Dense Arrays

In this tutorial we will learn how to create, read, and write a simple dense array in TileDB.

Full programs

Program

Links

quickstart_dense

quickstartcpp quickstartpy

Basic concepts and definitions

Cell, Dimension, Domain

An array in TileDB is an n-dimensional collection of cells, where each cell is uniquely identified by a coordinate tuple equal to the dimensionality of the array. For example, every cell in a 2D array is represented by a coordinate pair (i, j), whereas in a 3D array by a coordinate triple, (i, j, k). Each dimension in the array has an associated domain which defines the data type and extent (min, max) of coordinate values for that dimension. The dimension domain could be of type int8, uint8, int16, uint16, int32, uint32, int64, uint64, float32, or float64. Notice that TileDB supports negative as well as real dimensions domains, but for now we will only focus on positive integer domains. The ordered set of dimensions comprise the array domain.

Note

In TileDB, currently all dimension domains must have the same type.

Attribute

In TileDB, a cell is not limited to storing a single value. Each cell stores a tuple with a structure that is common to all cells. Each tuple element corresponds to a value on a named attribute of a certain type. The array cells can be perceived as rows in a table, where each column is an attribute and each row is uniquely identified by the cell coordinates. An attribute can specify a single value of type char, int8, uint8, int16, uint16, int32, uint32, int64, uint64, float32, or float64, or a fixed- or variable-sized vector of the above primitive types.

Array schema

The structure of the array, i.e., the number of dimensions and type of their domains, the number and type of attributes (and a lot of other information covered in later tutorials) are all defined in the array schema.
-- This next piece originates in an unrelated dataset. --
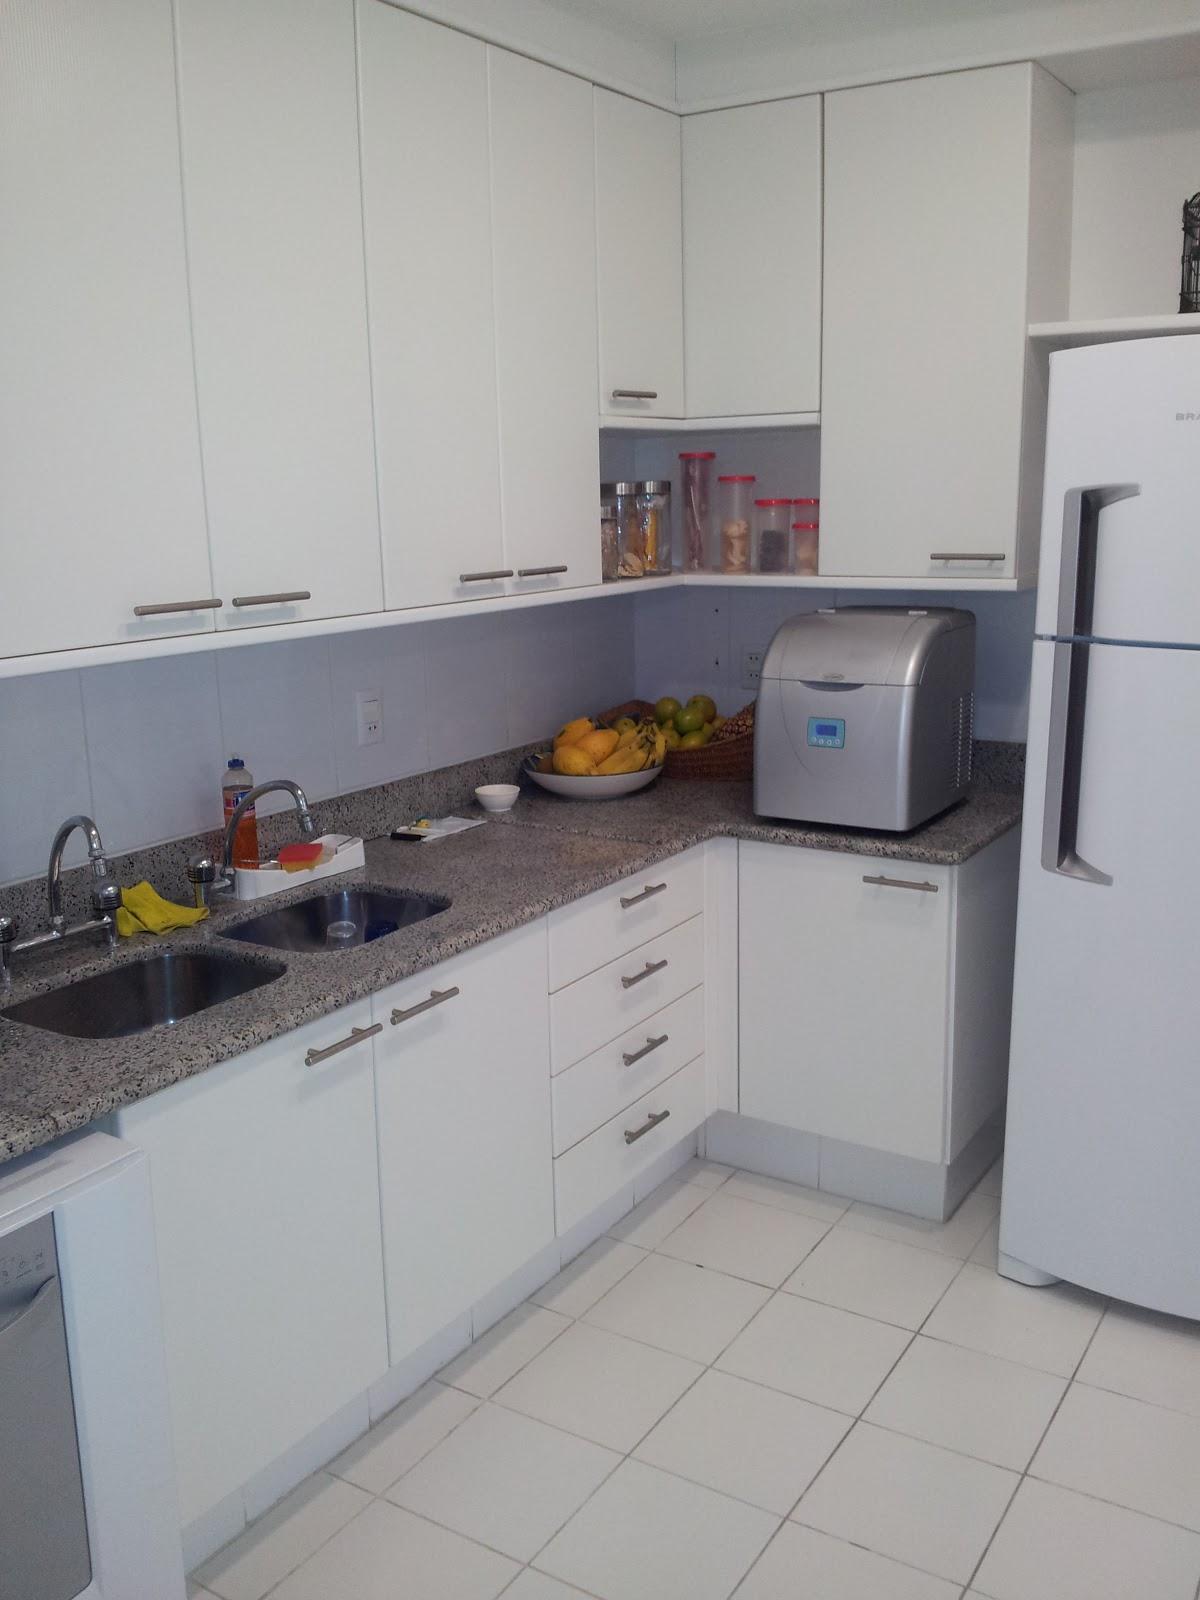 ReginaSegura. arquitetura: Reforma e Design de Interiores Itanhangá #624842 1200 1600

The array schema is very similar to a table schema used in Databases.

Dense array

If every cell in the array has an associated value, such as a pixel in a 2D image, we call the array dense.

Array directory

An array is stored on persistent storage as a directory containing subdirectories and files. We will explain in later tutorials the benefits from such a physical organization, and how a “directory” translates for storage backends where directories are not treated in the same manner as in a local POSIX filesystem (e.g., for the S3 object store).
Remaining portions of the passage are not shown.